浏览器可能是使用最广泛的软件了。我将在这本书里解释浏览器后台是如何工作的。我们将会看到从你在浏览器的地址栏里敲下 ‘google.com’ 直到你看到浏览器窗口里显示出Google的网页之间发生了什么。

The browsers we will talk about 我们将要谈到的浏览器

There are five major browsers used today - Internet Explorer, Firefox, Safari, Chrome and Opera.
I will give examples from the open source browsers - Firefox,Chrome and Safari, which is partly open source.
According to the W3C browser statistics, currently(October 2009), the usage share of Firefox, Safari and Chrome together is nearly 60%.

So nowdays open source browsers are a substantial part of the browser business。

当今主流的浏览器一共有5种,分别是 Internet Explorer, FireFox, Safari, Chrome 以及 Opera。

我将从一些开源浏览器种给出示例,FireFox,Chrome,Safari这几种是部分开源的。

根据W3C 浏览器统计,目前(2009年10月),FireFox,Safari以及Chrome一共占据了浏览器将近60%的市场份额。

所以现在开源浏览器是浏览器业务的重要组成部分。

The browser’s main functionality 浏览器的主要功能

The browser main functionality is to present the web resource you choose, by requesting it from the server and displaying it on the browser window. The resource format is usually HTML but also PDF, image and more. The location of the resource is specified by the user using a URI (Uniform resource Identifier). More on that in the network chapter.

浏览器的主要功能是通过向服务器发出请求并将结果显示在浏览器窗口的方式展示用户选择的网络资源。常见网络资源的格式是HTML,当然也有PDF,image等等。这些资源在网络中的位置是用户通过URI(Uniform resource Identifier)指定的。在网络的章节会详细说明。

The way the browser interprets and displays HTML files is specified in the HTML and CSS specifications. These specifications are maintained by the W3C (World Wide Web Consortium) organization, which is the standards organization for the web.

浏览器解释和显示HTML文件的方式是在HTML和CSS规范中指定的。这些规范是由W3C(World Wide Web Consortium)组织维护的,该组织是Web的标准组织。

The current version of HTML is 4 (http://www.w3.org/TR/html401/). Version 5 is in progress. The current CSS version is 2 (http://www.w3.org/TR/CSS2/) and version 3 is in progress.

当前HTML的版本是4(http://www.w3.org/TR/html401/),第5版正在进行中。目前CSS版本是2(http://www.w3.org/TR/CSS2/) ,第3版正在进行中。

For years browsers conformed to only a part of the specifications and developed their own extensions. That caused serious compatibility issues for web authors. Today most of the browsers more or less conform to the specifications.

多年来,各家浏览器只遵循了部分规范,并各自开发这自己的扩展功能。这给Web作者造成了严重的兼容性问题。今天大多数浏览器都遵循了规范。

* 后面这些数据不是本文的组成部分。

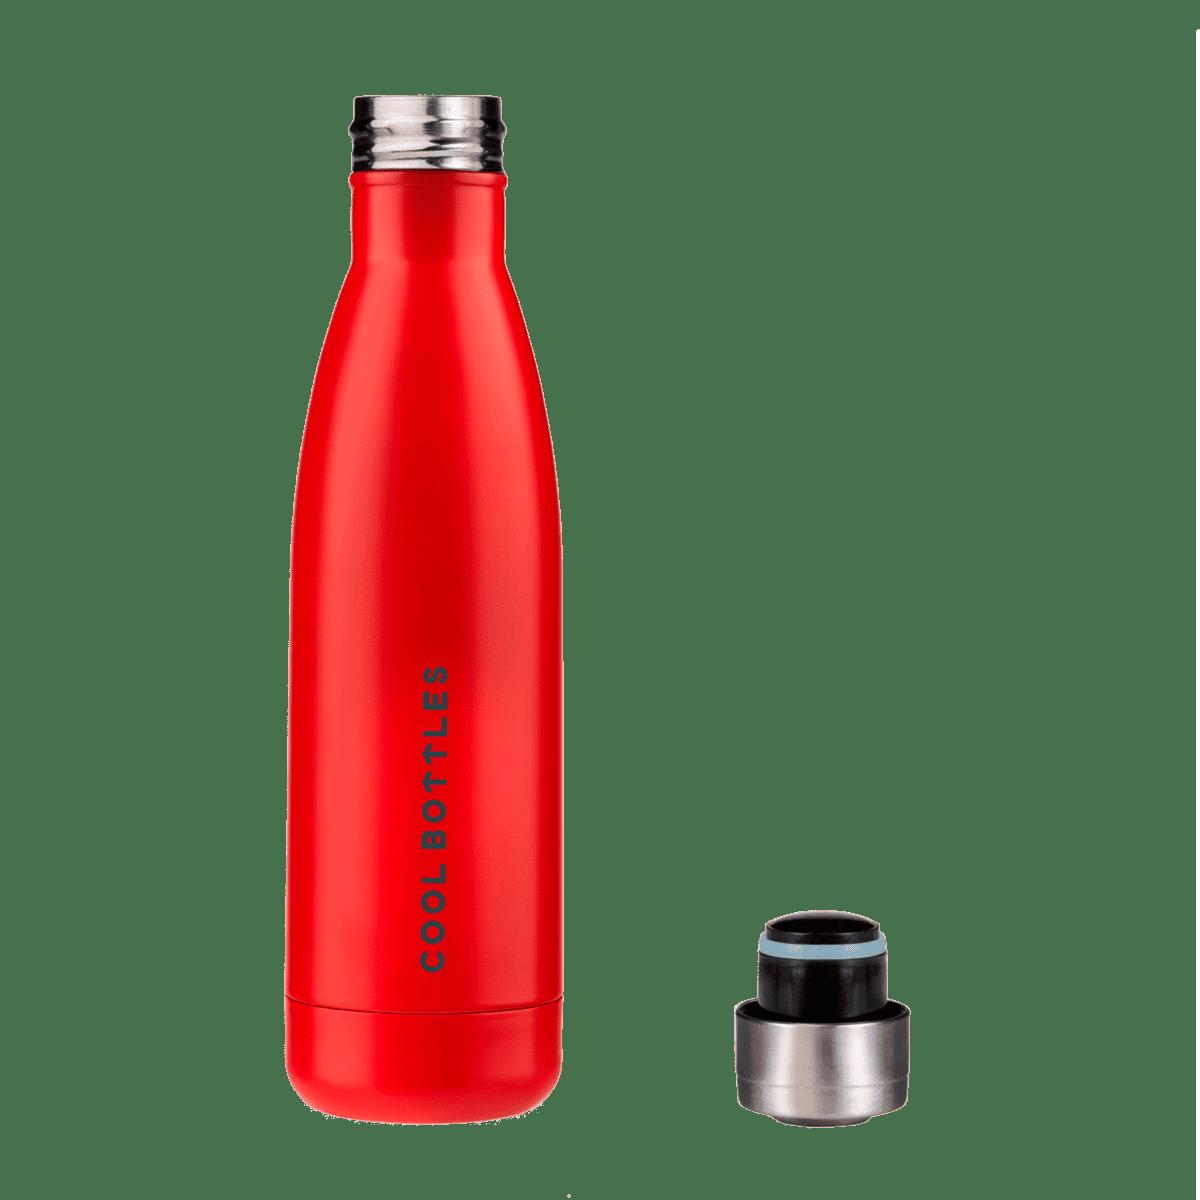 Vivid_Red-cool-bottles-01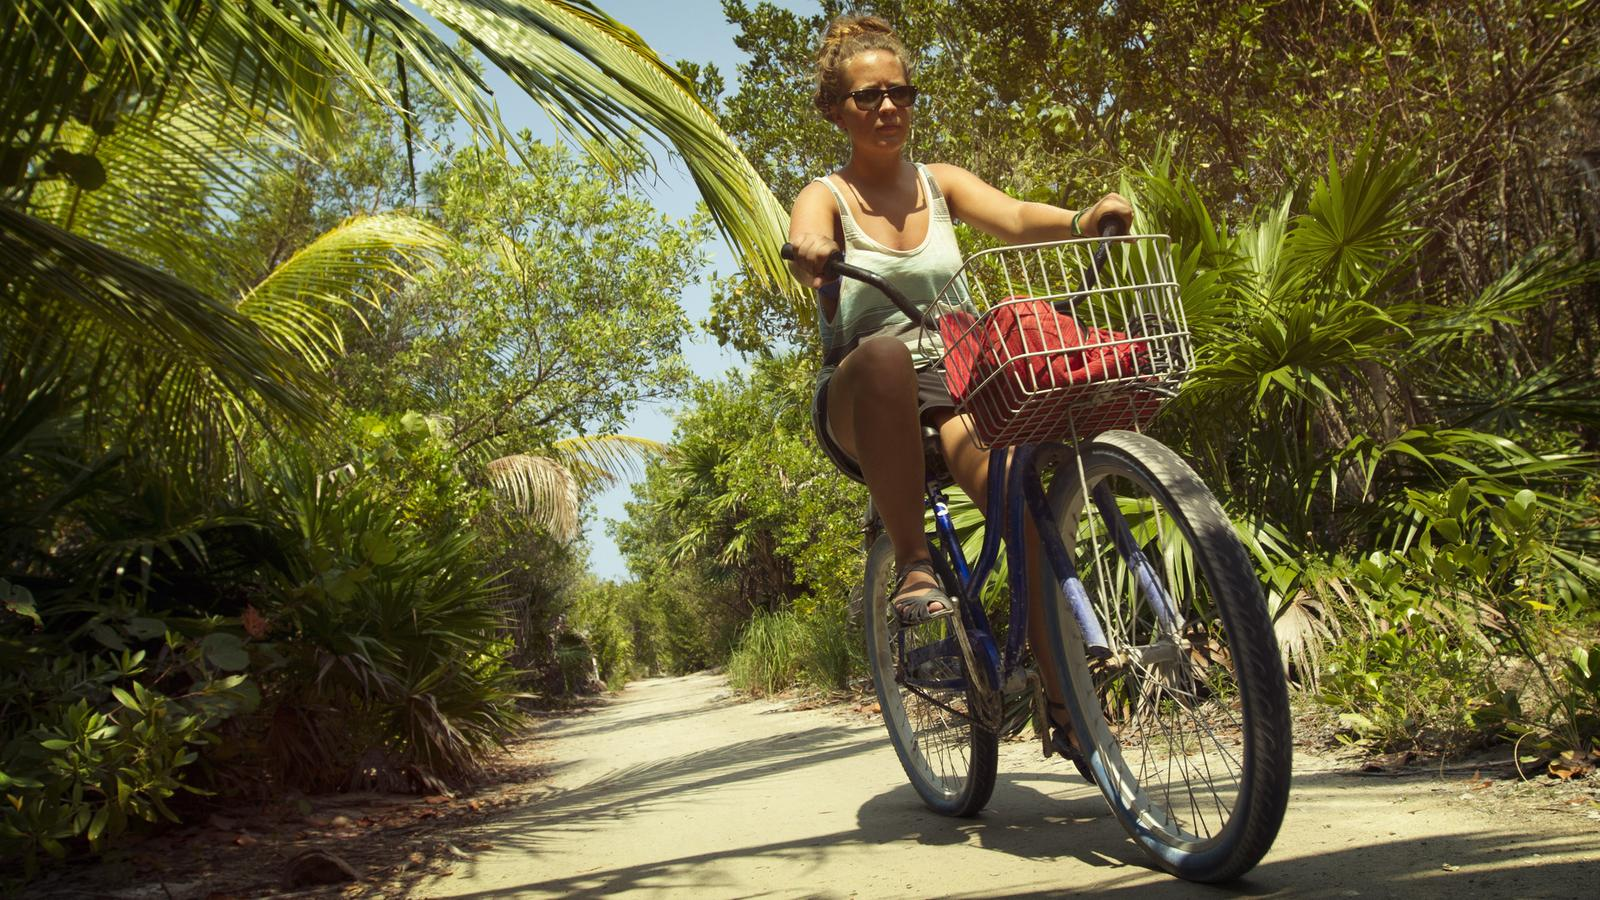 Female traveller biking down a path amongst beautiful lush scenery in Central America

Browsers’ user interface have a lot in common with each other. Among the common user interface elements are:

浏览器用户界面彼此有很多共同之处,常见的用户元素如下:

  • Address bar for inserting the URI 用于插入URI的地址栏
  • Back and forward buttons 前进后退按钮
  • Bookmarking options 书签选项
  • A refresh and stop buttons for refreshing and stopping the loading of current documents 用于刷新和停止加载当前文档的刷新和停止按钮。
  • Home button that gets you to your home page 主页按钮,可以访问您的主页。

Strangely enough, the browser’s user interface is not specified in any formal specification, it is just good practices shaped over years of experience and by browsers imitating each other. The HTML5 specification doesn’t define UI elements a browser must have, but lists some common elements. Among those are the address bar, status bar and tool bar. There are, of course, features unique to a specific browser like Firefox downloads manager.

奇怪的是,浏览器的用户界面并没有在任何规范中声明,这仅仅是多年实践经验和浏览器之间互相模仿的结果。HTML5规范没有定义浏览器必须有的UI元素,但是列出了一些常见的元素。其中包括地址栏,状态栏以及工具栏。当然还有像FireFox下载管理器这样的特定浏览器所特有的功能。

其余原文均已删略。